Data Retention Framework admins can retain instances of specified types before performing a cleanup. Cleanups are based on configurable rules that specify three aspects: instances admins are interested in, cleanup logic to use, and execution time.

Admins can configure rules of retaining PCD objects with the help of:

  • CronJob, a feature for executing rules in the background by means of manual schedules or automated actions.
  • FlexibleSearch, a feature for keeping a data item.
  • Custom cleanup logic, for dealing with each data item.
Data retention framework

The GDPR readiness checklist

Though SAP GDPR solutions make companies’ lives much easier, unfortunately they are not a silver bullet for ensuring data privacy and protection as well as enterprise cybersecurity. First, businesses need to instill data privacy and security importance in their organization by educating employees, developing documented privacy policies, and creating corresponding workflows.

We have compiled a short checklist that should help you assess your readiness to comply with the GDPR and avoid software development risks. Make sure you tick off each statement.

  • You have legal grounds for collecting and processing PCD.
  • You have a formal policy and methodology for personal data collection, storage and usage within your organization.
  • You ask users who intend to use your website for an explicit consent to collect their data.
  • You have a data privacy notice accessible to your users.
  • You have a data retention policy and a well-defined process for deleting and archiving personal data.
  • You encrypt your users’ personal data.
  • You have a procedure for managing data breaches.
  • You have tools to deal with data access and erasure requests from users.
  • You provide guidance for your users when they need to edit their preferences.
  • You have mapped all the PCD sources and sync all the PCD changes across those sources.
  • When you partner with third parties that will have access to customer data, you make sure they are GDPR-compliant.
  • You record histories of PCD edits and collect consent and preferences in a central repository ready for regulatory audits.

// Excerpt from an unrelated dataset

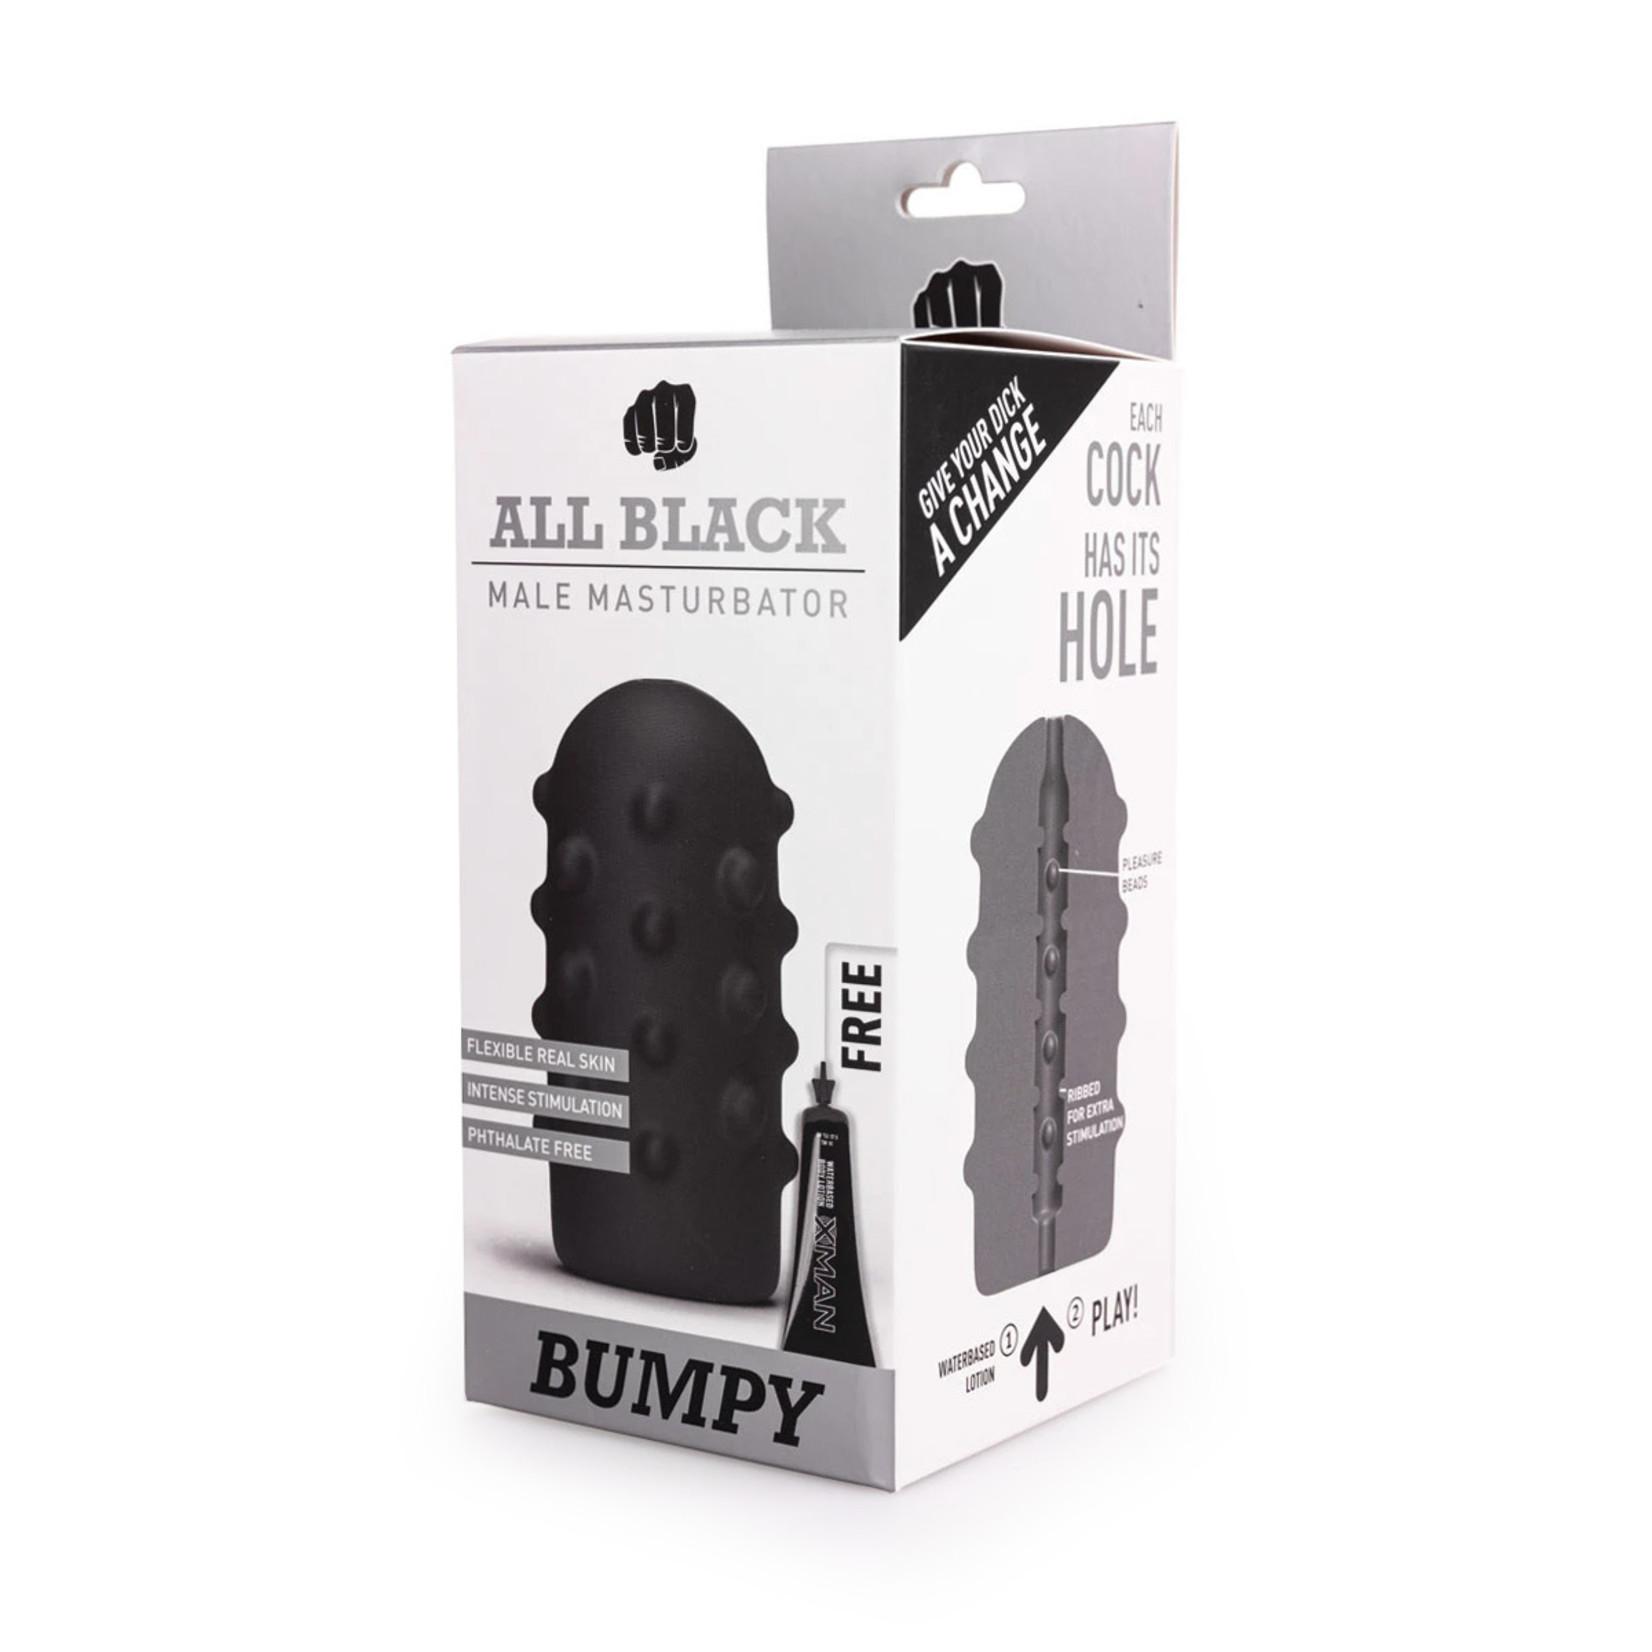 All Black Bumpy Masturbator

Data privacy becomes an imperative

It’s clear by now that transparency and protection of personal data are not fads limited to certain geographical regions. It’s already a global movement. The GDPR has awoken users’ mindfulness regarding the value of their private data and the ways it’s collected and used by companies.

Currently, it’s more of a transition period when organizations are ‘learning’ to respect and protect user data. However, those companies that successfully managed to comply with the regulations and promote the privacy-centric mindset among their staff have already gained a competitive advantage. They are winning users’ trust by delivering engaging experiences on users’ own terms.

As illustrated by SAP Customer Experience and its GDPR-ready solutions, compliance gets easier with the right technology in place. Once it’s set up in line with the legal requirements, it will give you a peace of mind by carrying out compliance-critical processes in the background.